How to Avoid Getting Crushed by Depreciation Recapture

Do not ever ever ever make real estate investments and perform cost segs without a plan for what you are going to do 5-10 years down the line

Ideally, if you own high quality assets, you can continue to own and operate them for steady cash flow and appreciation, but sometimes things happen (like cap rates compressing to absurd levels in ‘21) that may make selling/exchanging to something else a wise decision

First, a quick review:

  • Capital gains are imposed on any appreciation (0%, 15%, 20%)
  • Depreciation recapture is broken into 2 types/rates under section 1250
    • Straight-line recapture is treated as capital gains with its own 25% rate
    • Accelerated depreciation is recaptured at ordinary rates

So, capital losses from tax-loss harvesting your equity portfolio can be used to offset both capital gains and straight line recapture. If you aren’t harvesting losses systematically within your stock portfolio you are missing out.

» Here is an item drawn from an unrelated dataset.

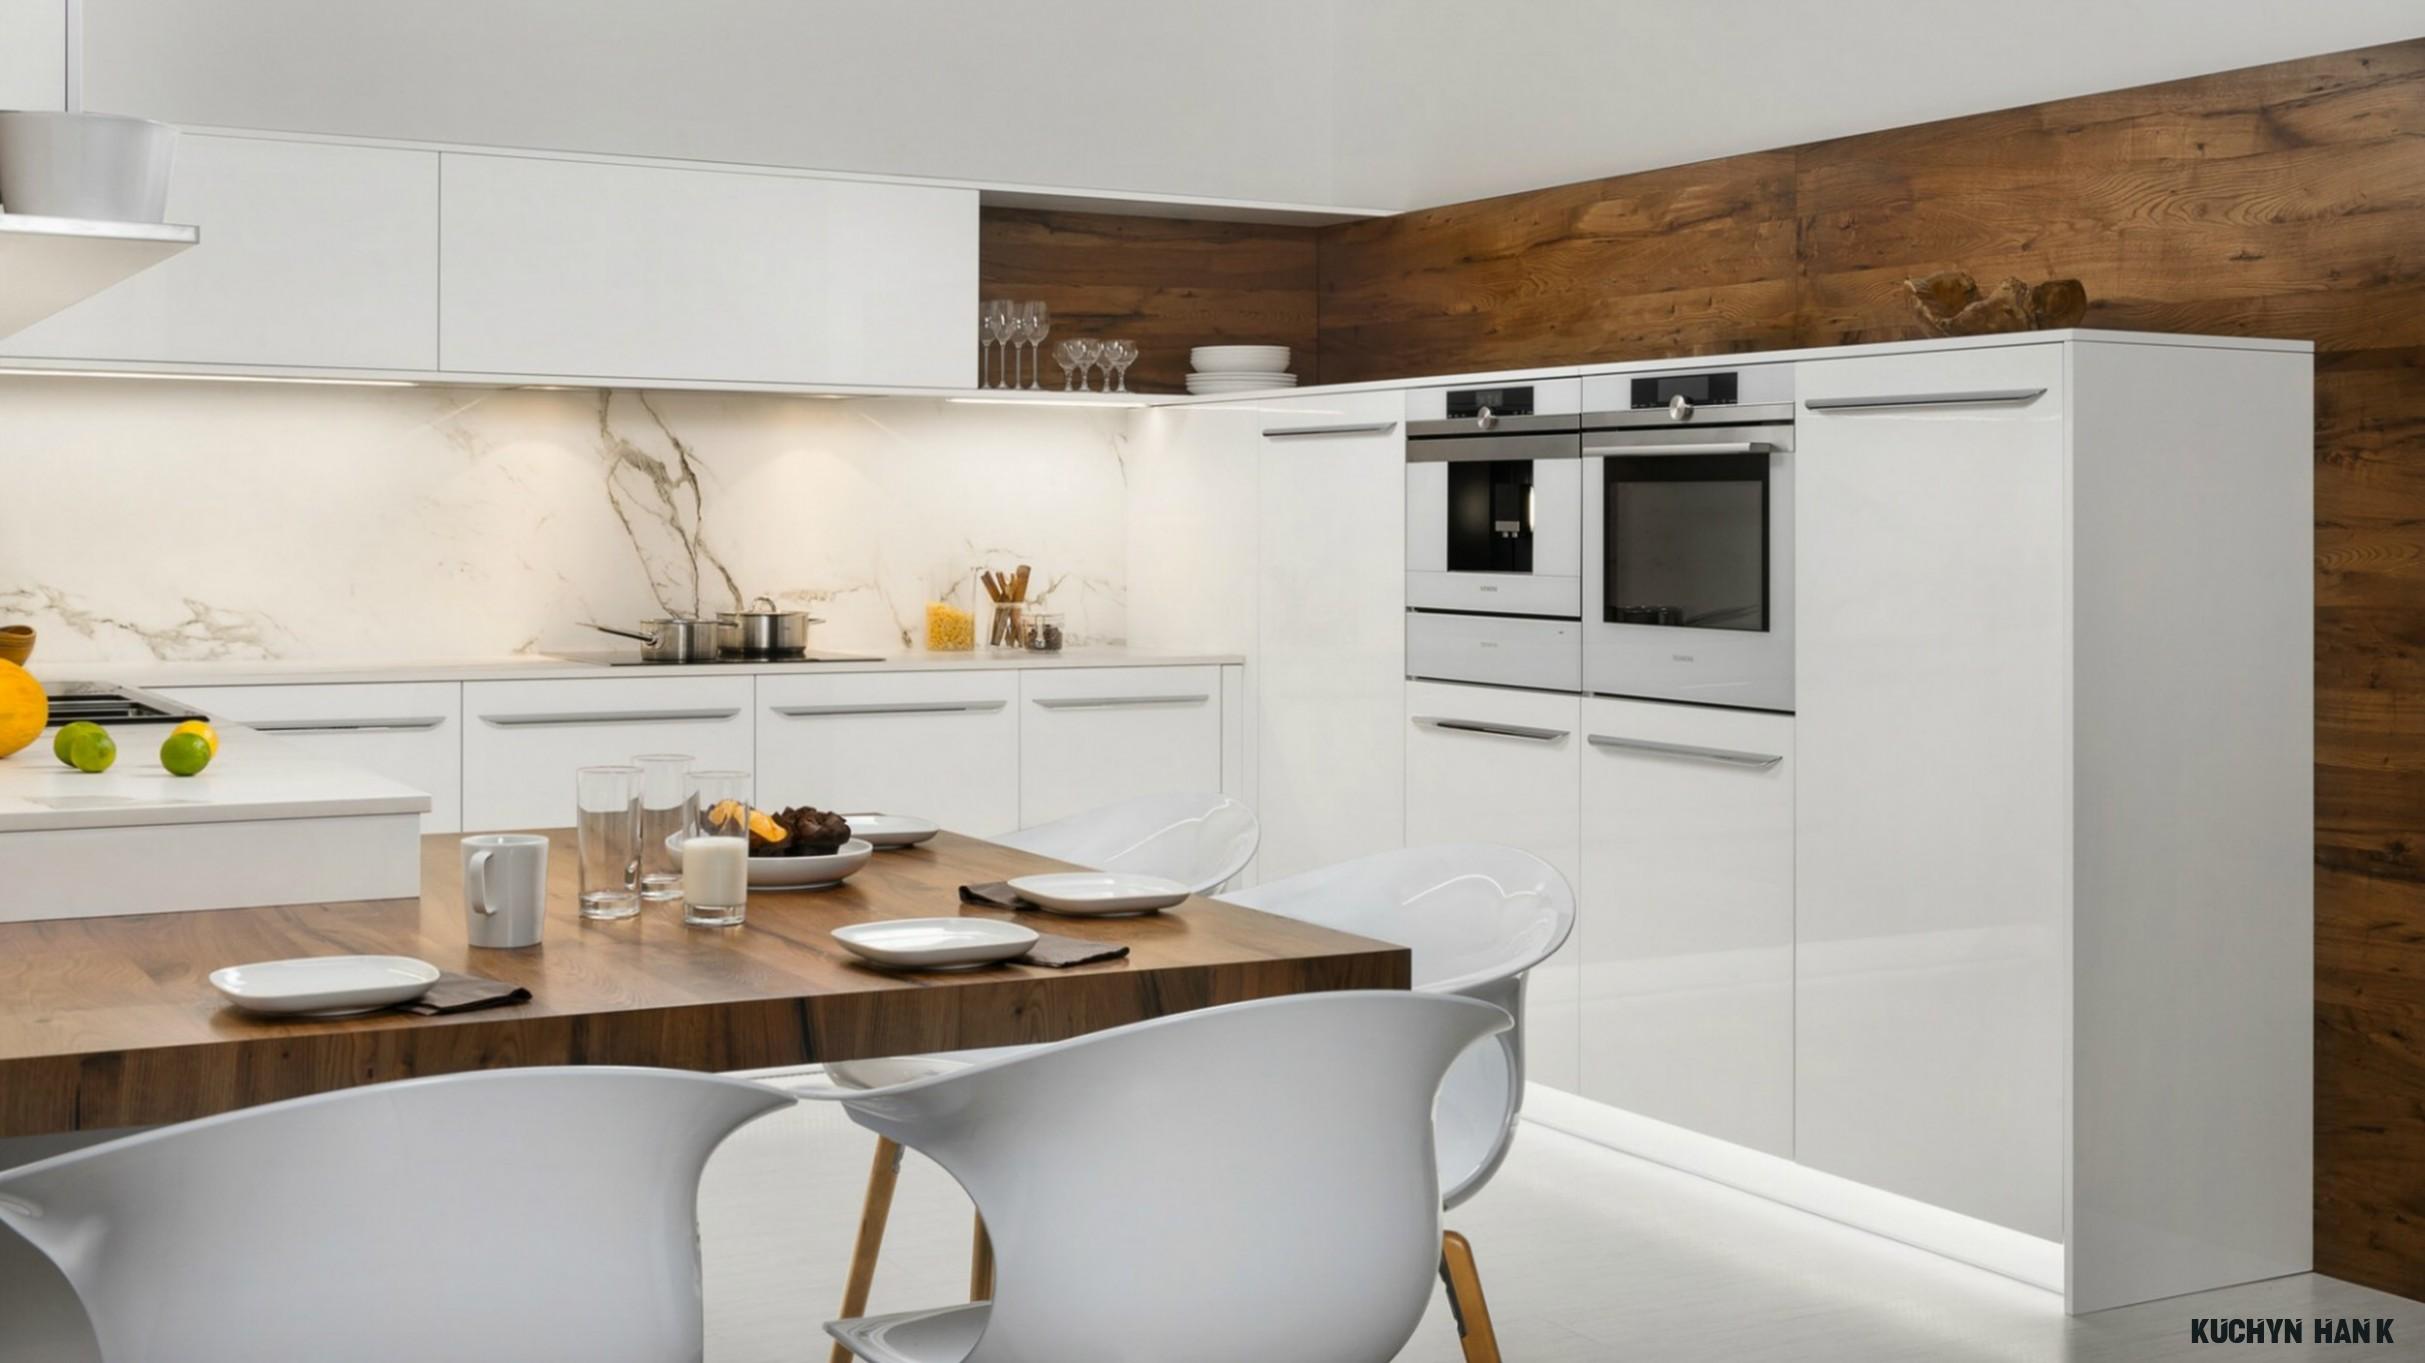 20 Podivuhodný Inspirace pro Kuchyně Hanák

Tax-aware hedge funds can realize deductions that may help with the recapture of accelerated depreciation.

You can always look at doing the DST to UPREIT structure to stay invested in real estate and transition to a passive allocation with a blue-chip real estate manager.

Lastly, you can always manager your own 1031 process or initiate new real estate investments that can realize large amounts of depreciation that can be used to shield the sale of old real estate properties.

There are a lot of options with different pros/cons so if you are in this situation, I’d encourage you to work with someone that can help find the best path (or paths) for you.